Aniket Hingane

Posted on Dec 25

Building Production-Grade AI Agents with MCP & A2A: A Guide from the Trenches

#ai #agents #python #mcp

Building Production-Grade AI Agents with MCP & A2A: A Guide from the Trenches

From Chaos to Contract: How I Tamed the Agentic Wild West

TL;DR

In this article, I share my journey of moving from fragile, custom-built AI agent architectures to a robust, standardized approach using the Model Context Protocol (MCP). I'll walk you through:

Why "Agent-to-Agent" (A2A) communication is the missing link in production systems.
How I designed a "Daily Minutes Assistant" using a standardized contract.
The exact code infrastructure I built (and how you can too).
Why I believe standardizing context is more important than standardizing prompts.

If you're tired of debugging why your agent hallucinated a function call, this read is for you.

Introduction

I still remember the late nights I spent debugging my first complex multi-agent system. I had a "Research Agent" that was supposed to talk to a "Writer Agent." It worked beautifully in my Jupyter notebook. But the moment I deployed it? Chaos. The Research Agent would output JSON; the Writer Agent wanted Markdown. The "Memory" module was a global dictionary that kept getting overwritten. It was a house of cards.

From my experience, this is where most AI engineering stalls today. We build impressive demos, but production reliability eludes us because we lack a fundamental protocol for communication.

Then I found generic protocols like MCP (Model Context Protocol). I realized that the problem wasn't my prompt engineering—it was my architecture. I didn't need smarter models; I needed better contracts. In my opinion, adopting a strict protocol is the difference between a toy and a tool.

What's This Article About?

This isn't a high-level fluff piece about "The Future of AI." This is a muddy-boots, code-heavy walkthrough of how I built a production-grade Agent-to-Agent (A2A) system.

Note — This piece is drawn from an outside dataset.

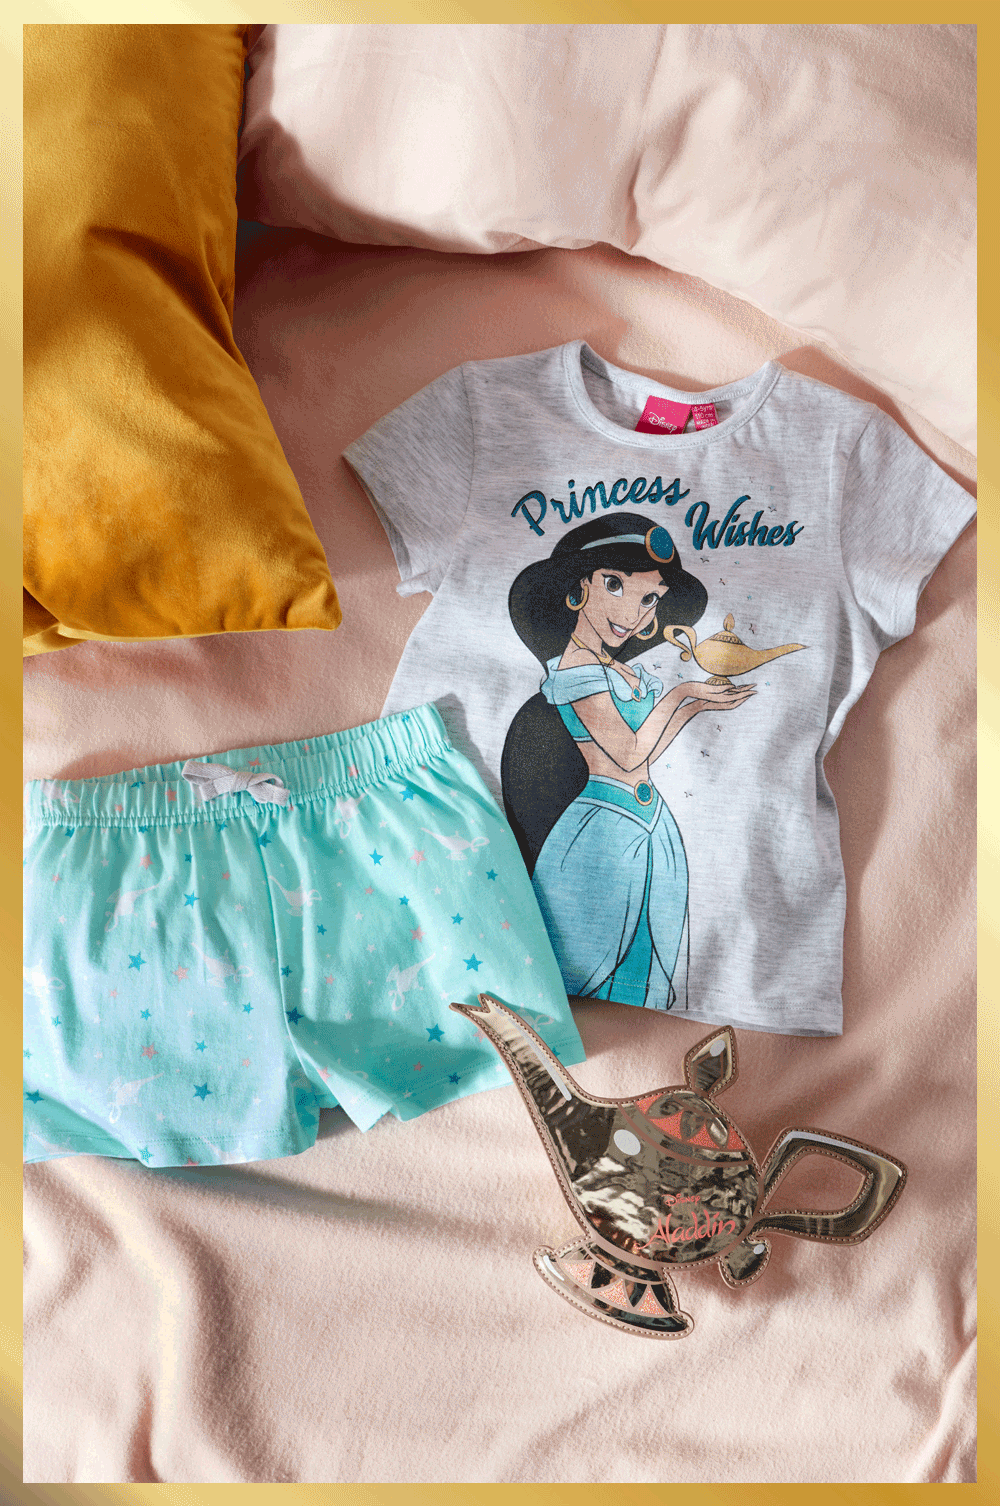 Damas Niñas Princesa vida Pijamas Con Licencia Disney Camiseta Leggings Primark BNWT

I’ll show you how I built a Daily Minutes Assistant—a system that connects to my calendar, pulls meeting transcripts, summarizes them, and emails me the action items. But the "magic" isn't the summary; it's the plumbing.

Tech Stack

I chose this stack because I wanted reliability over hype:

Python 3.12+: For strong typing and async support.
MCP SDK (mcp-python): The core backbone for standardized tool and resource definition.
FastAPI / FastMCP: For rapidly standing up the server interface.
Pydantic: For rock-solid data validation.

Why Read It?

If you've ever felt the pain of:

Custom-writing API wrappers for every new tool.
Agents getting stuck in loops because they don't know "when to stop."
Trying to connect a local specialized agent to a cloud-based LLM.

...then this experimental PoC I built will speak directly to your soul. I wrote this because I wished someone had shown me this pattern six months ago.

Let's Design

Before I wrote a single line of code, I stepped back to design the interaction. I thought: "If these agents were employees, how would they pass documents?"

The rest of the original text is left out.